WORK INSTRUCTION: The line containing "Height 26 inches" and every line after it to the end of the records: set those down exactly, without any pictures.

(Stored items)
============================================================

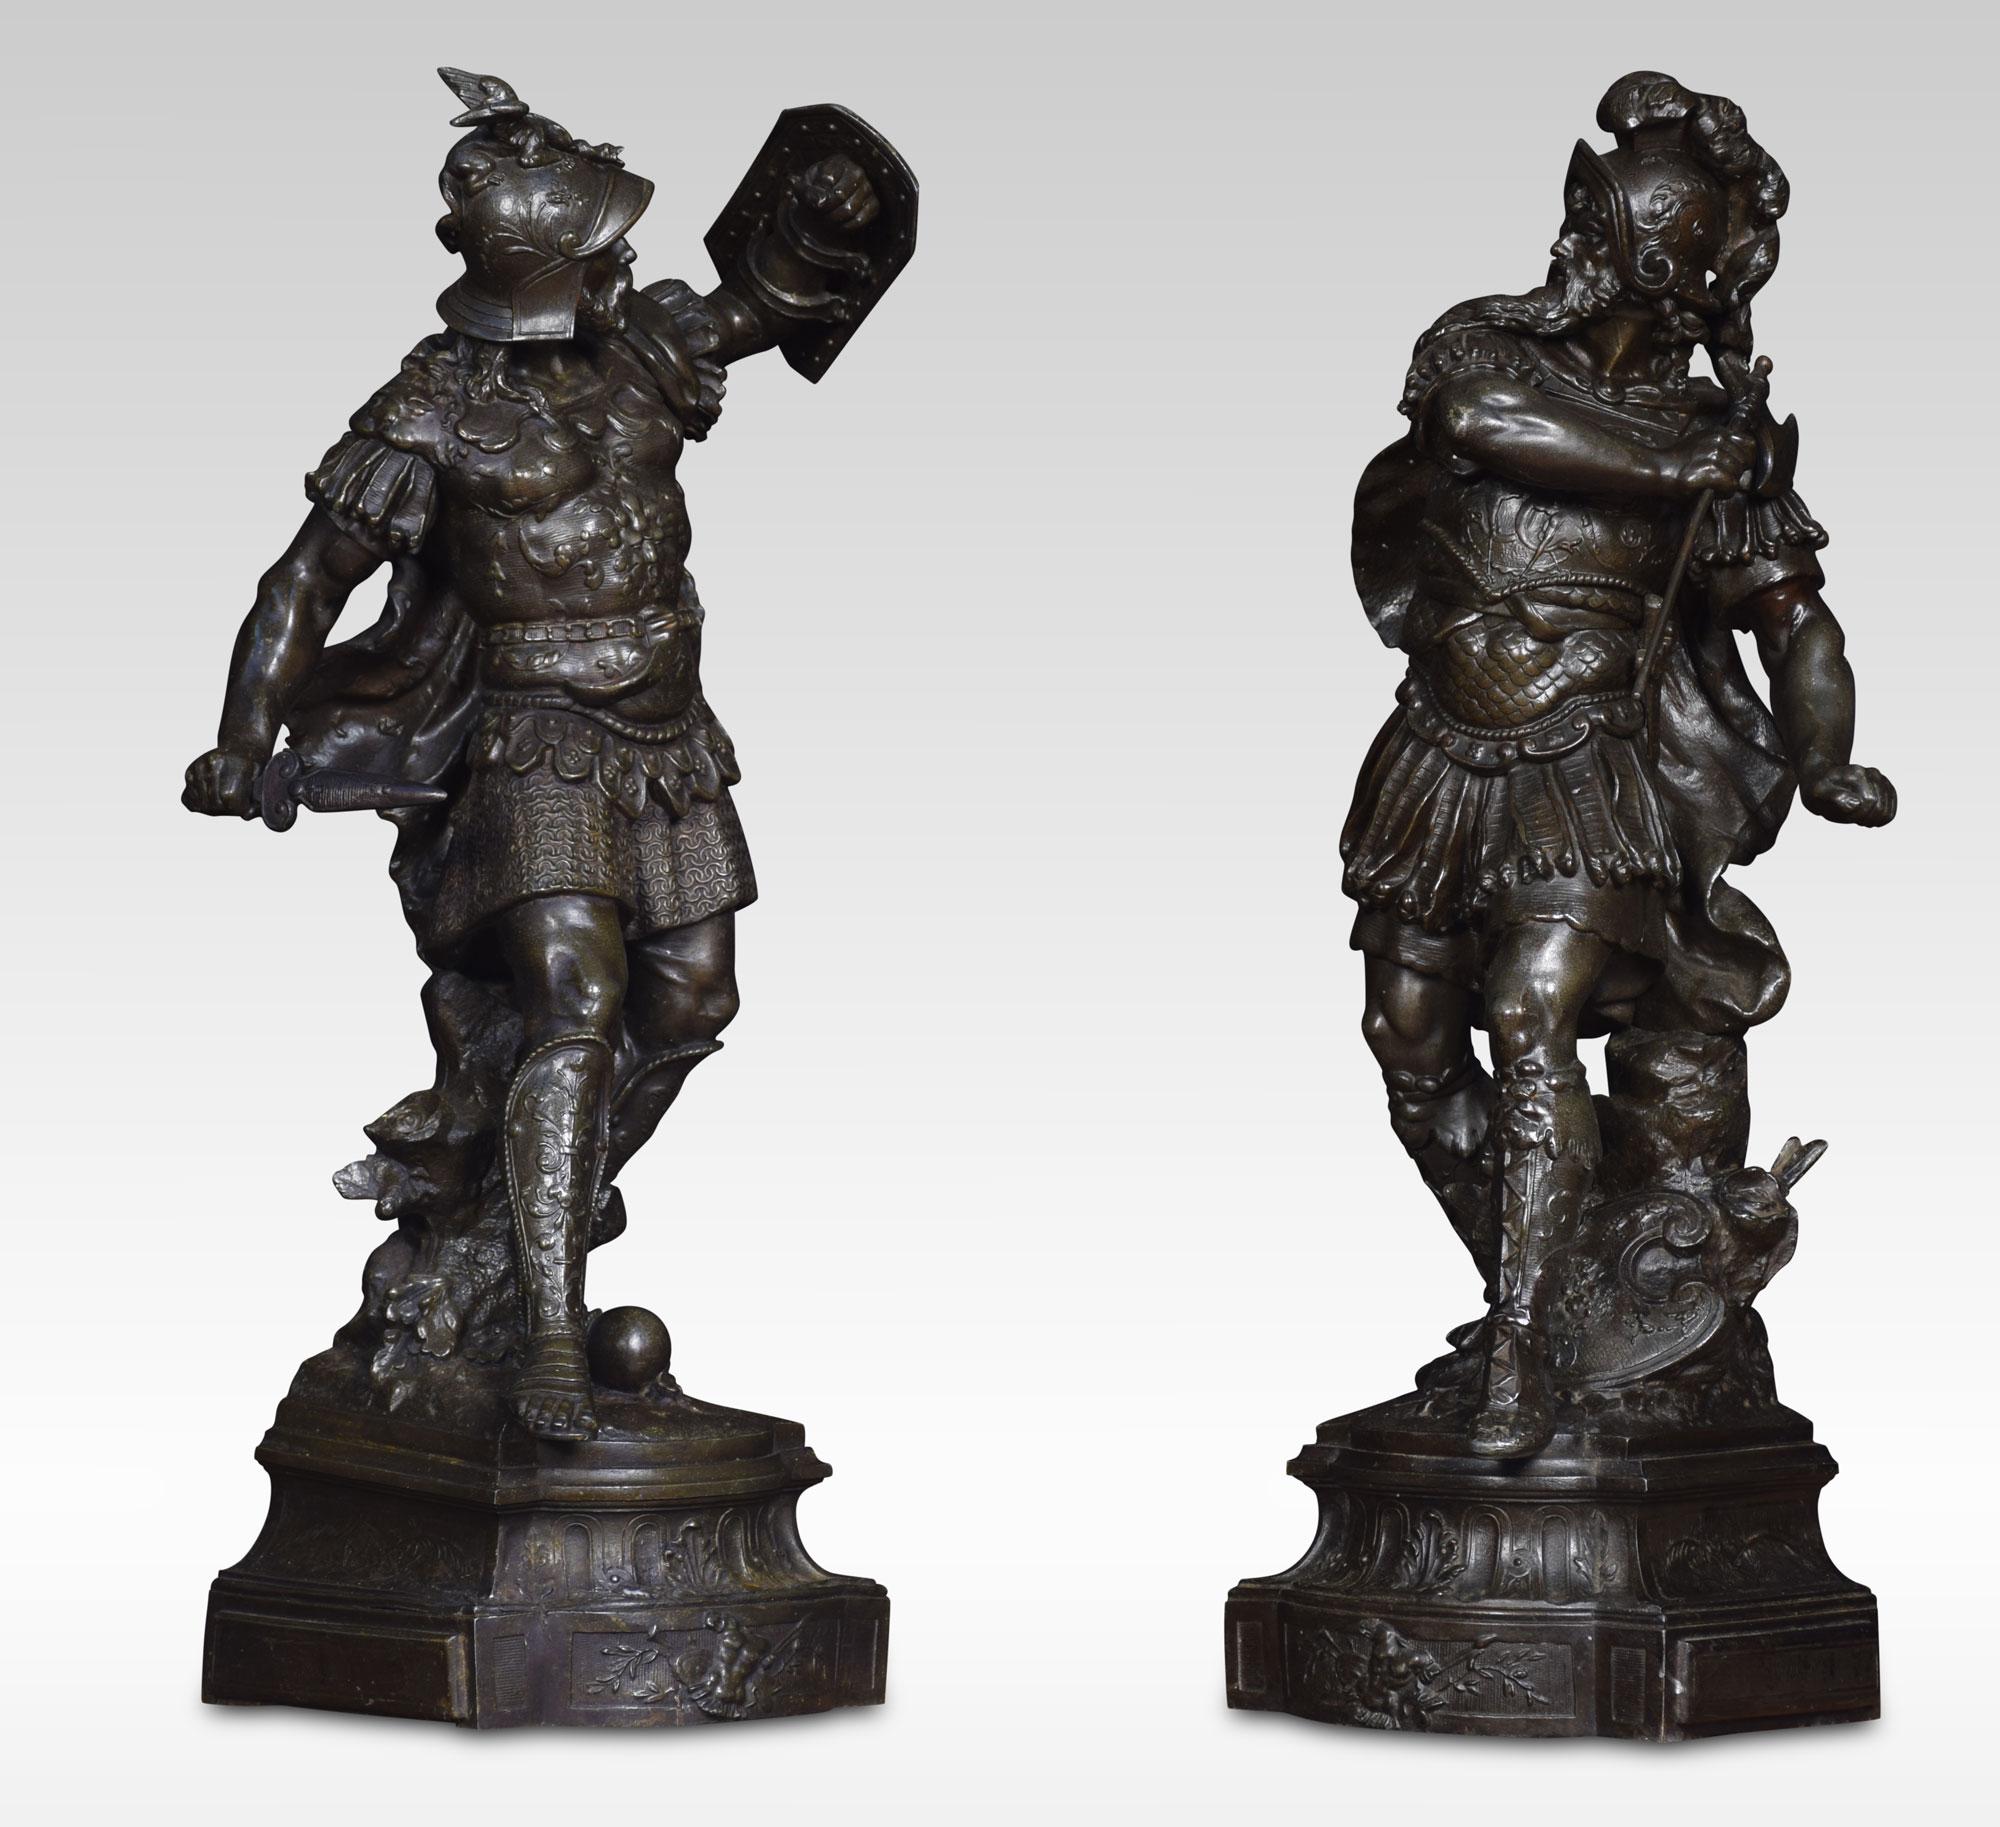 Pair of spelter knights each crisply modeled in late medieval-style armour, one with swords raised the other a shield all raised up on plinth bases.
Dimensions:
Height 26 inches
Length 11.5 inches
width 8.5 inches.
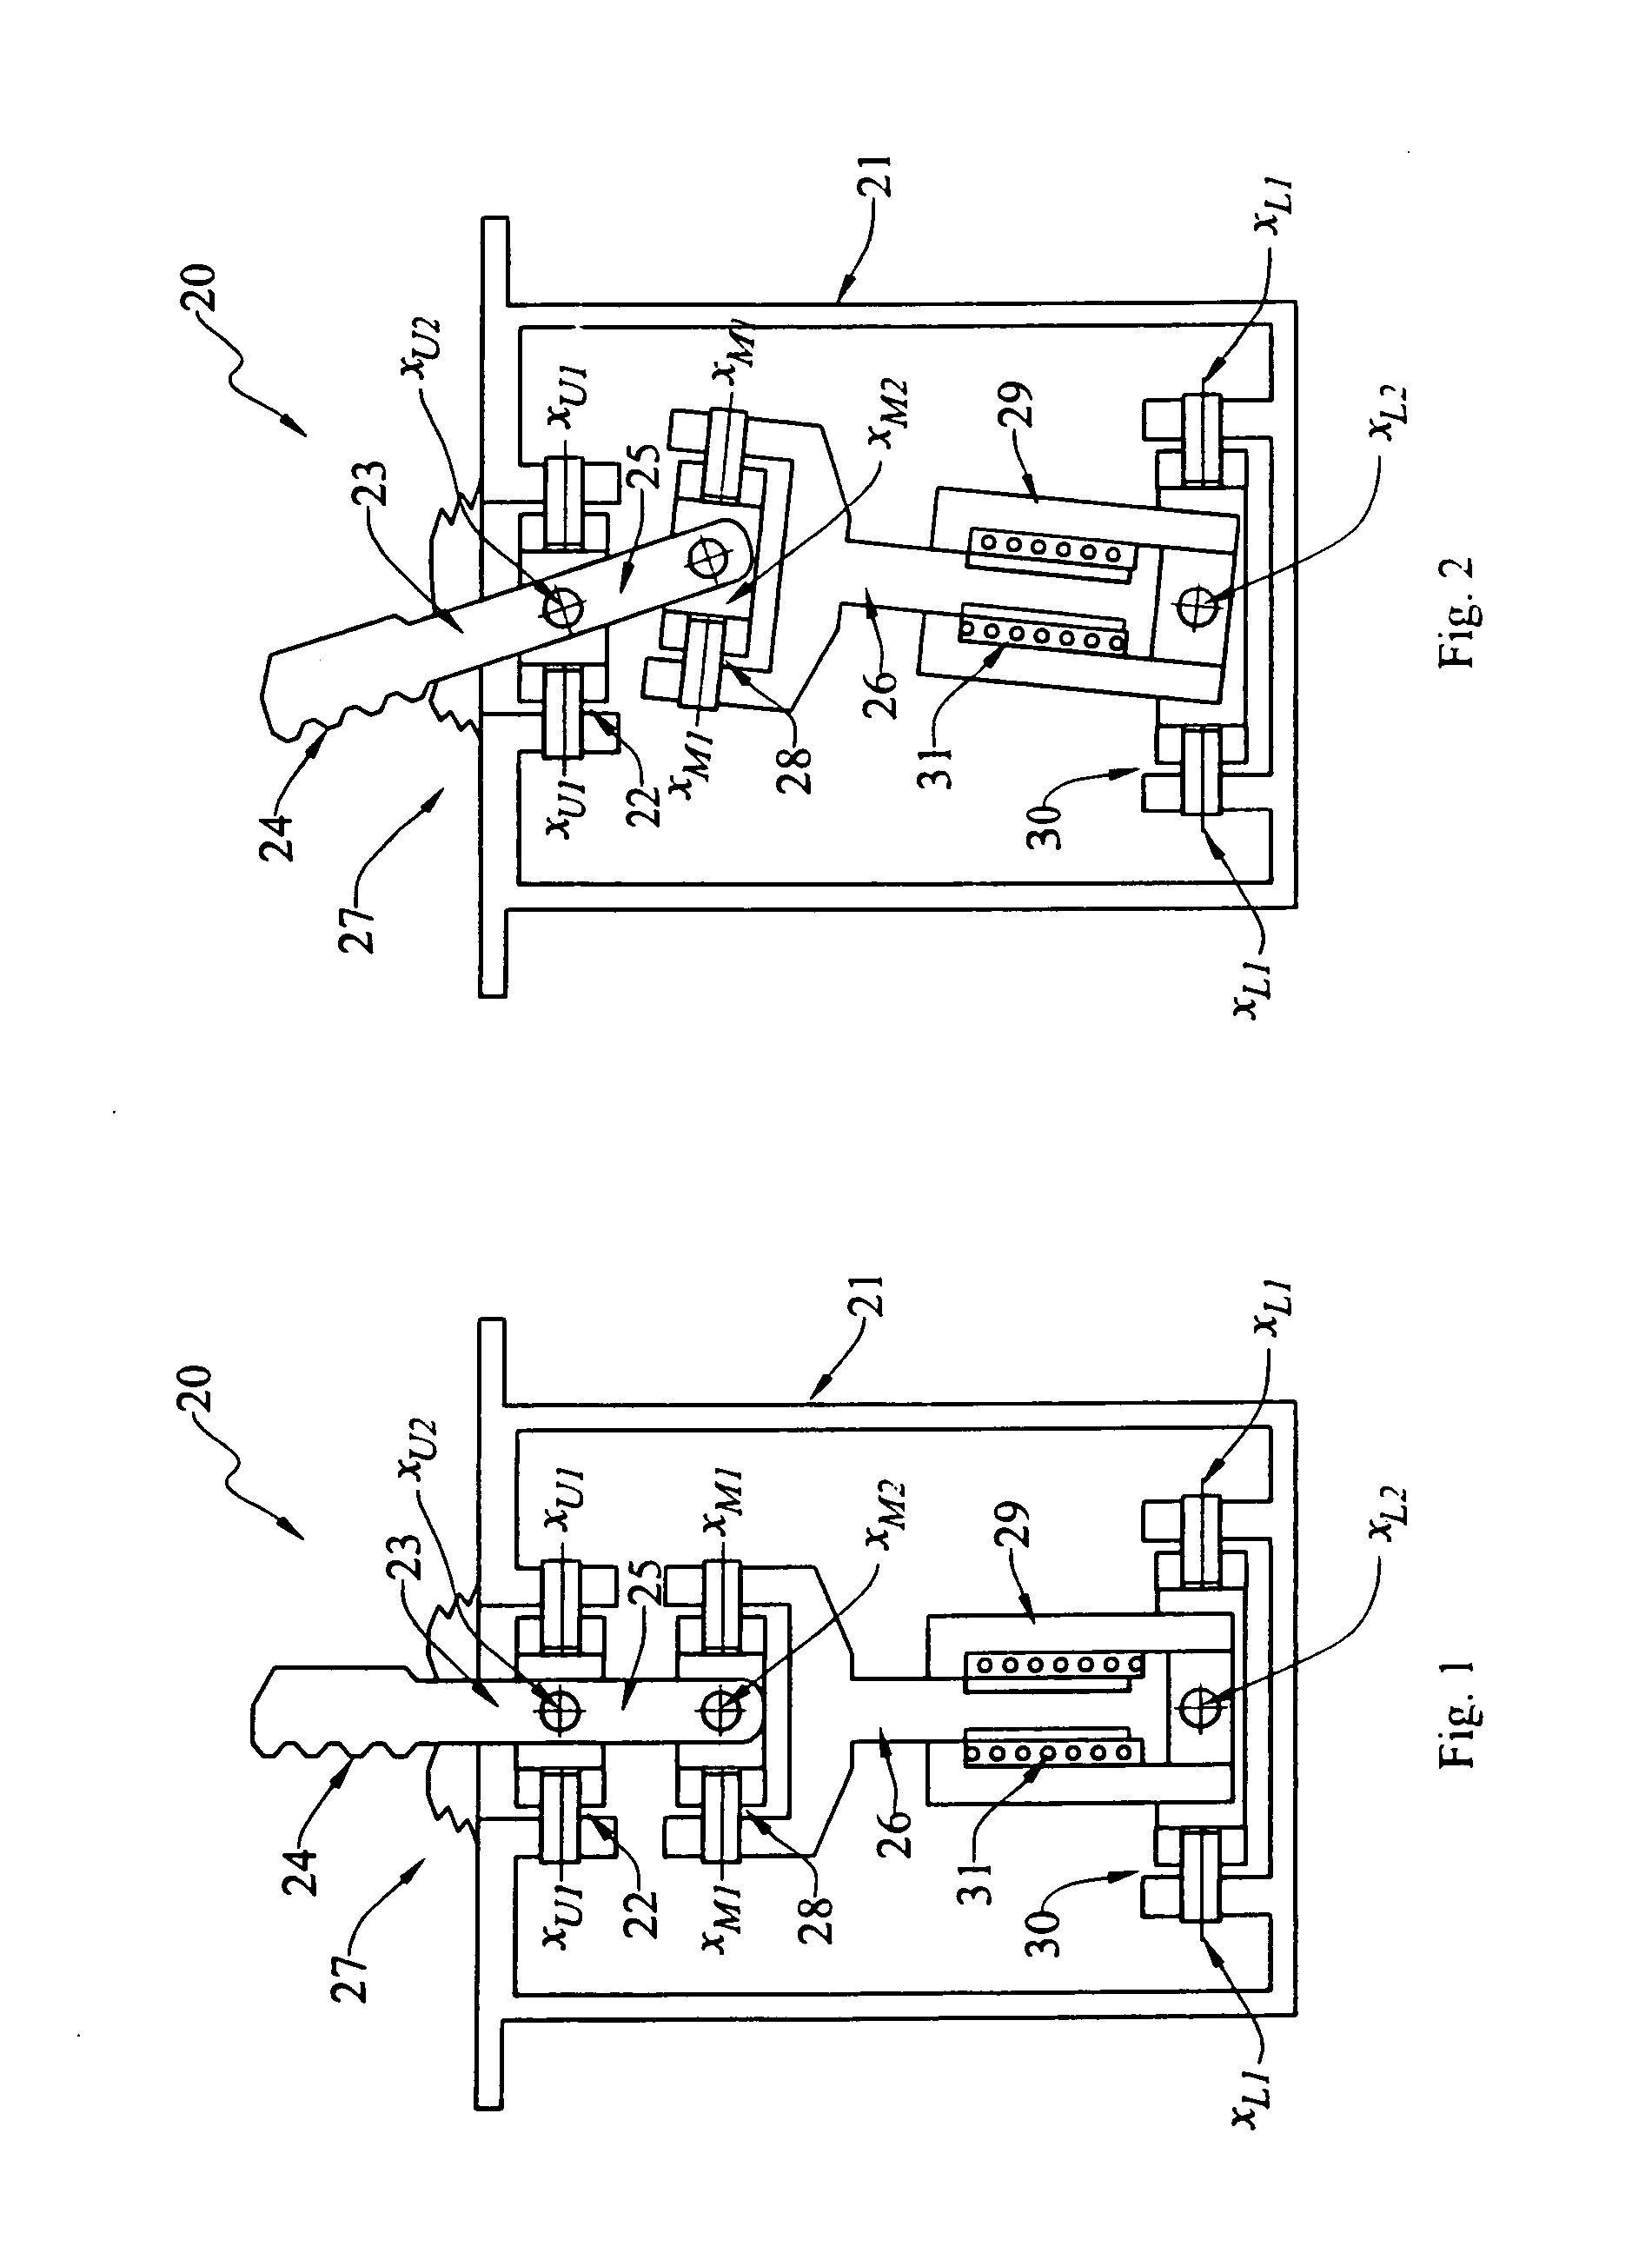 Control stick adapted for use in a fly-by-wire flight control system, and linkage for use therein
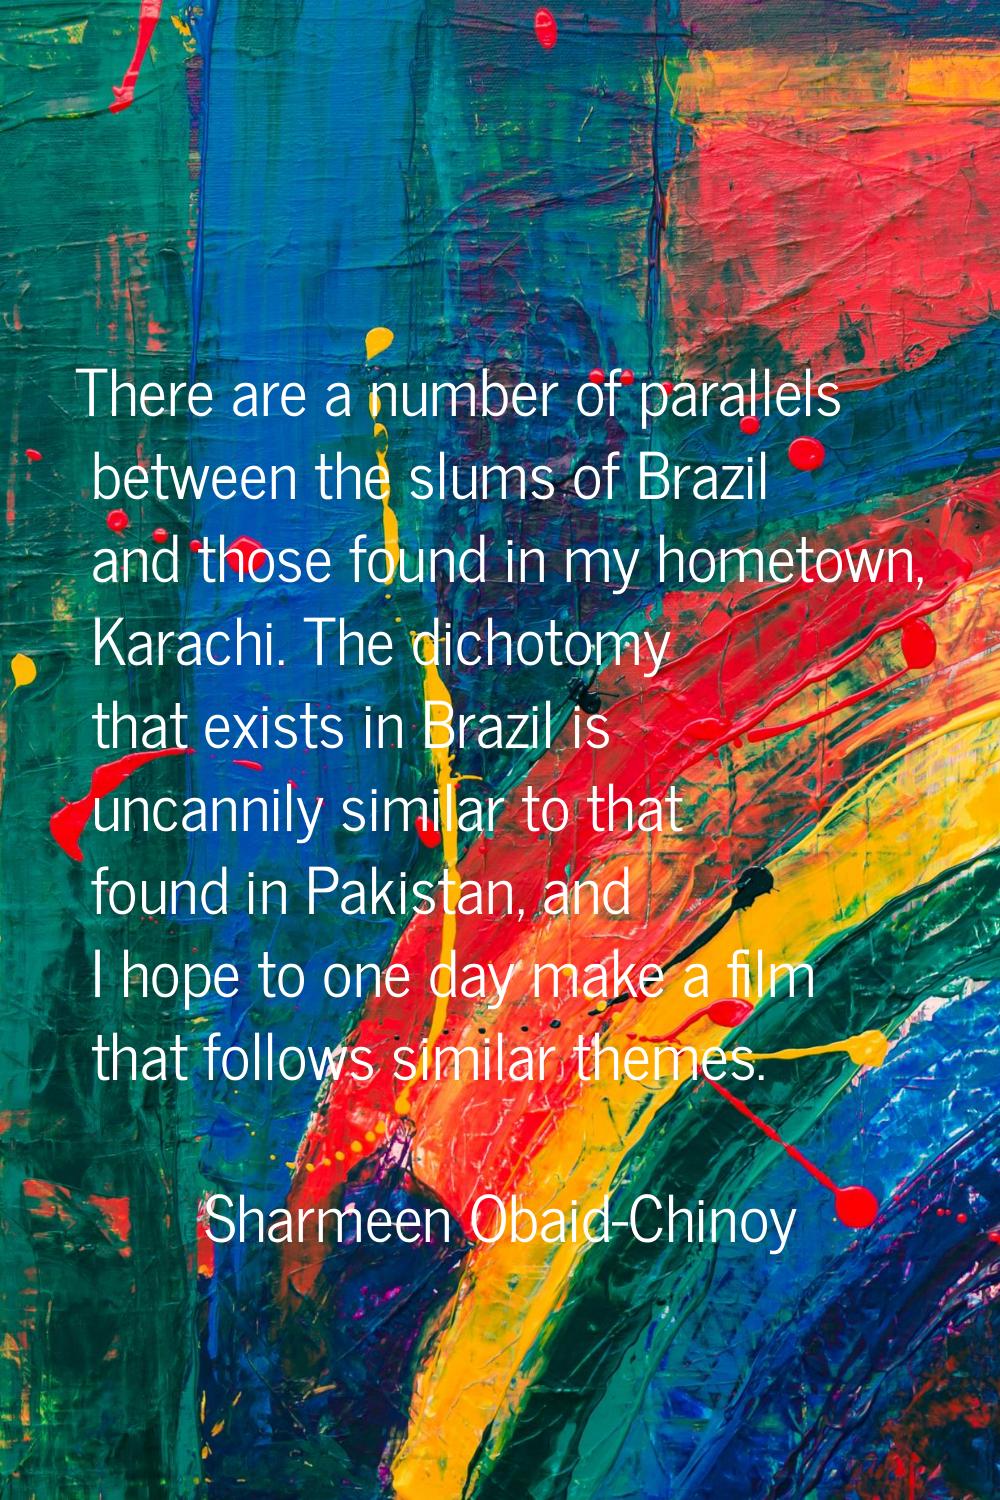 There are a number of parallels between the slums of Brazil and those found in my hometown, Karachi

============================================================

EXERCISE OUTPUT:
Height 26 inches
Length 11.5 inches
width 8.5 inches.
 Control stick adapted for use in a fly-by-wire flight control system, and linkage for use therein
 There are a number of parallels between the slums of Brazil and those found in my hometown, Karachi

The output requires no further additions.